Blogger's AtomAPI authentication = SPLAT

Yep, I get it too. Thank you to the person who thought it would be an excellent idea to both reply to one of my Deepest Sender LJ community posts and email me directly to ask me what is wrong. As if I worked for Blogger, or something. My answer? Monitor the thread linked above.

(Written using the Blogger web interface)

Tuesday, March 28, 2006

The Most Annoying Thing About Web Development, Ever

Premature end of script headers

Damn you, CGI.

Monday, March 20, 2006

Re: Filtering out the Channel Noise

I think the best solution would be aggregator (similar to Planet Planet which powers Mozilla Planet) in which tagging and submission capacity is supported. Submissions allow for other non-RSS based systems to feed data into planet, such as Mozilla Wiki, and Bugzilla. By using dozens of tags or categories, as well as some meta tags (of course there would be a general tag as well for timeless who must have more mail than Santa Clause), one could have links to all new info in one place. What I’m thinking of is something that essentially is planet as we know it, and wiki rolled into one. Blog like tagging and posting capacity, but wiki style editing and managing. Submitters could add tags, and so can others.
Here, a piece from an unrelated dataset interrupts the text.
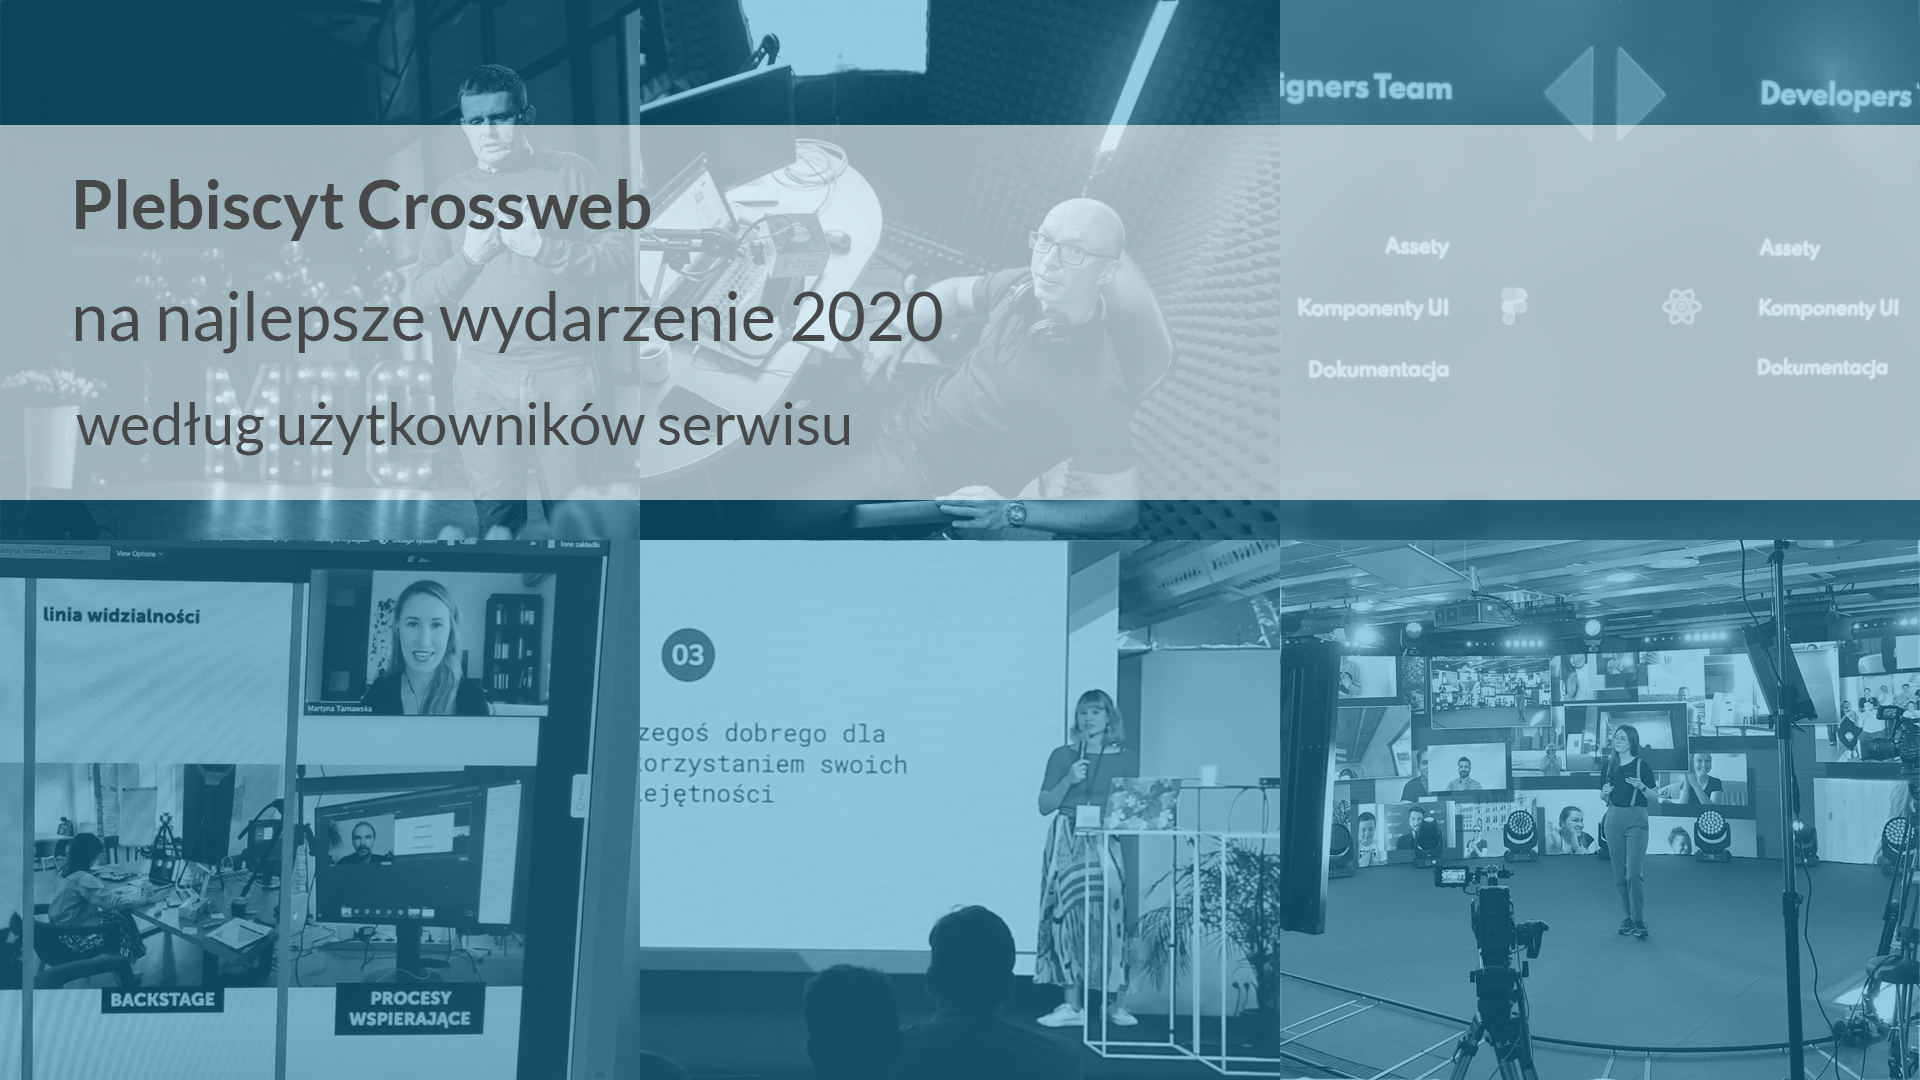 Plebiscyt Crossweb na najlepsze wydarzenie 2020 według użytkowników

Well, why not use Planet Planet? At least for the aggregation part, anyway. Most everything in the list is syndicatable via Atom/RSS — you then have a source which includes:

  • Planet Mozilla's feed (plus the stragglers)
  • Mozilla Wiki's Recent Changes feed
  • Bugzilla's bug list feeds (ctype=rss or ctype=atom)
  • Bonsai's CVS log feeds (e.g., http://bonsai.mozilla.org/cvslog.cgi?file=file&root=/cvsroot&ctype=rss)
  • Google Groups feeds (examples at http://groups.google.com/group/group_name/feeds)

Writing a feed generator for mailing lists is trivial (relatively speaking). It shouldn't be too difficult to generate a feed for the Mozillazine forums, although with their bandwidth concerns, it would probably be restricted to just that aggregator. I'm not exactly sure how syndicating the tinderbox output would look (or spaghetti, for that matter).

The part that interests me the most is how to syndicate IRC. My thinking is that you have a bot log the channel and also serve a webpage that allows one to select lines of the chat and submit them as a "post" with tags, etc. It would also make it easier to make bash.org quotes, but I digress. :)

Anyway, back to the system mentioned in the quote. I think the problem with my solution is the signal-to-noise ratio (with more noise than signal). The only options I see at the moment that would account for that are:

  1. Social human intervention - doing the bash.org thing and modding "posts" up or down.
  2. Simply not tagging/untagging the bad posts, and letting them percolate down to the bottom that way.

...It's amazing what I can think up when I'm not in school.

Re: Normalized data is for sissies

[...]and it's good to remember that relational databases themselves were a controversial idea.

I find it very funny that a lot of the ideas that I learned in Database Management and Information Retrieval were/are pretty contentious, even though they taught it as though it was gospel.